L'attachée de presse de la ministre Lucie Charlebois n'a pas voulu commenter le cas de la famille Cadieux et m'a dirigée vers le CISSS de la Montérégie-Ouest.

Bien que Denis et Hélène Cadieux aient eux-mêmes consenti à parler du cas de leur fils dans les médias, la porte-parole du CISSS, Jade St-Jean, a refusé de commenter précisément le cas de Jonathan Cadieux, invoquant la confidentialité des dossiers. Il a aussi été impossible de parler à Claude Bouchard. De façon générale, on nous dit que les décisions sont toujours prises avec l'accord de la famille. Il s'agit d'offrir « des services équitables avec une enveloppe budgétaire à respecter ». « Ce n'est pas juste une décision budgétaire. C'est une décision prise à la suite de l'évaluation des besoins de l'usager. Ultimement, la décision revient toujours à la famille, qui pourrait garder l'enfant en bénéficiant de l'offre de services. »

Selon les estimations du CISSS, les services réduits proposés aux Cadieux avant que leur fils soit hébergé dans une ressource à assistance continue coûtaient 70 000 $ par année. Les services actuels coûteraient un peu moins de 100 000 $ par année.

Quant aux mesures de contention, on nous dit qu'il s'agit de mesures de contrôle « exceptionnelles » utilisées lorsque l'usager représente un danger pour lui-même ou pour autrui. Un plan de décontention est mis en place en suivant les conseils du Service québécois d'expertise en troubles graves du comportement.
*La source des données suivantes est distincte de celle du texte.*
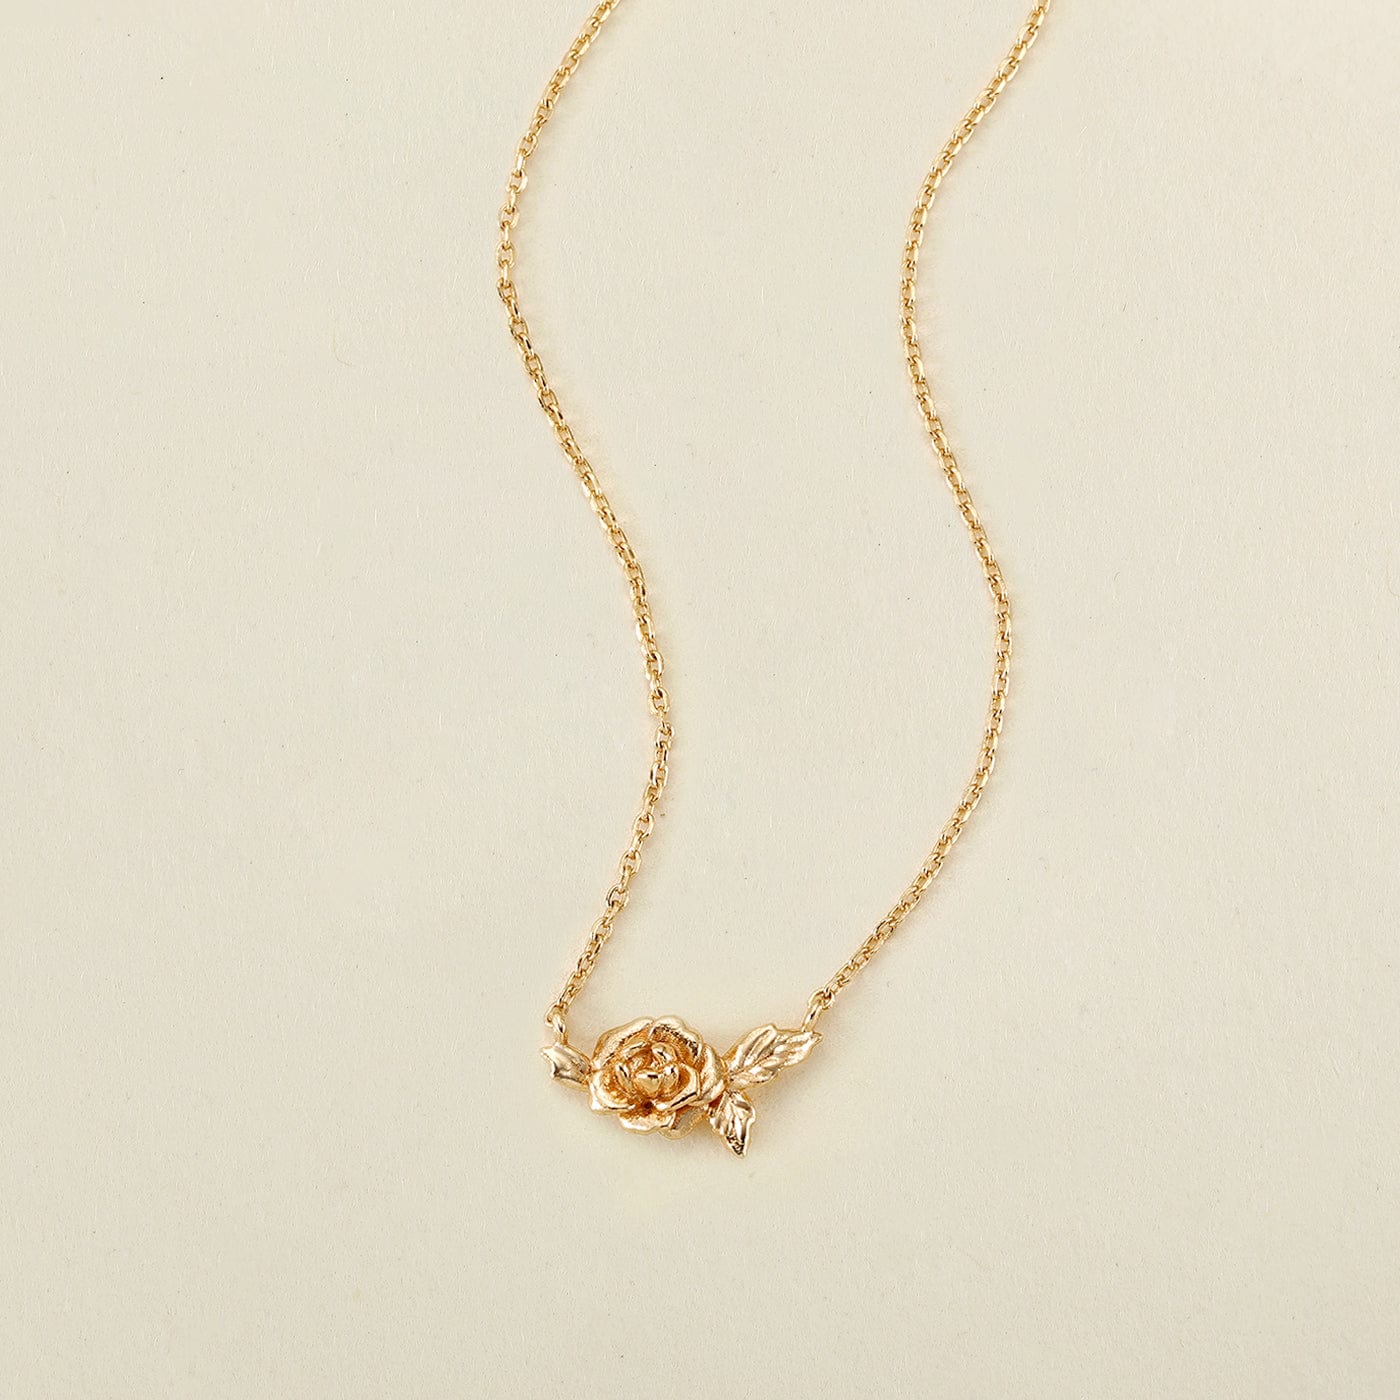 September Everbloom Birth Flower Necklace Gold Vermeil Necklace
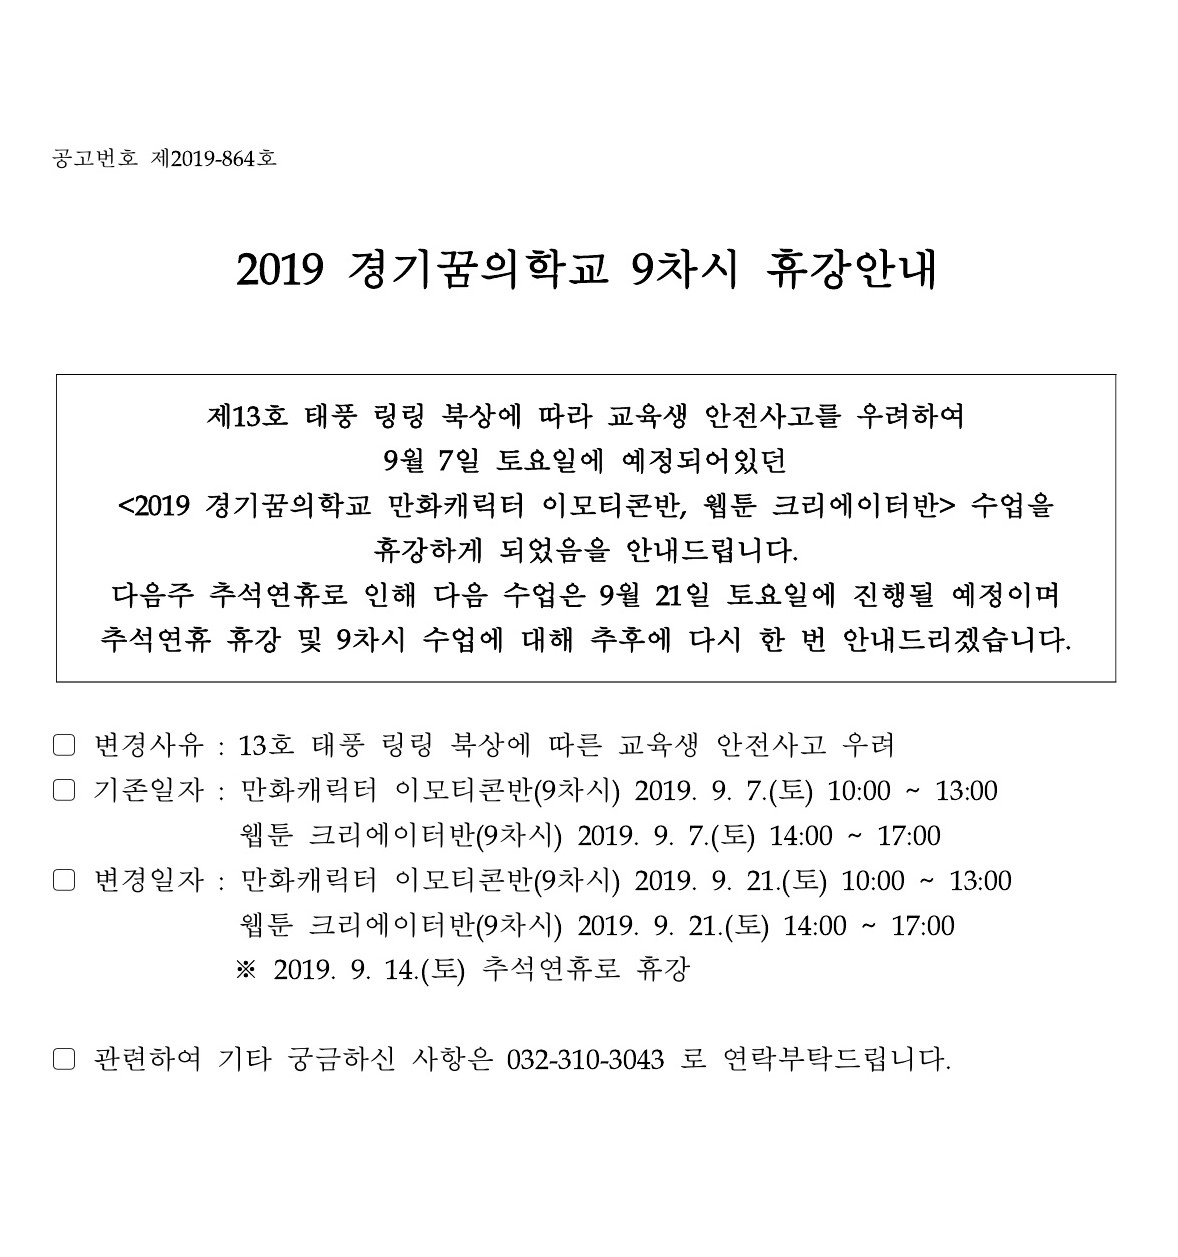 2019 경기꿈의학교 9차시 휴강안내

PHOTO EDOUARD PLANTE-FRÉCHETTE, ARCHIVES LA PRESSE

Il y a 15 ans, Denis et Hélène Cadieux, résidants de Saint-Jean-sur-Richelieu, ont abandonné leur emploi pour pouvoir s'occuper de leur fils. Ils ont continué de le faire jusqu'en novembre dernier, quand ils ont été forcés de le placer dans une résidence spécialisée. Sur la photo, on voit Denis Cadieux et Jonathan, en février dernier.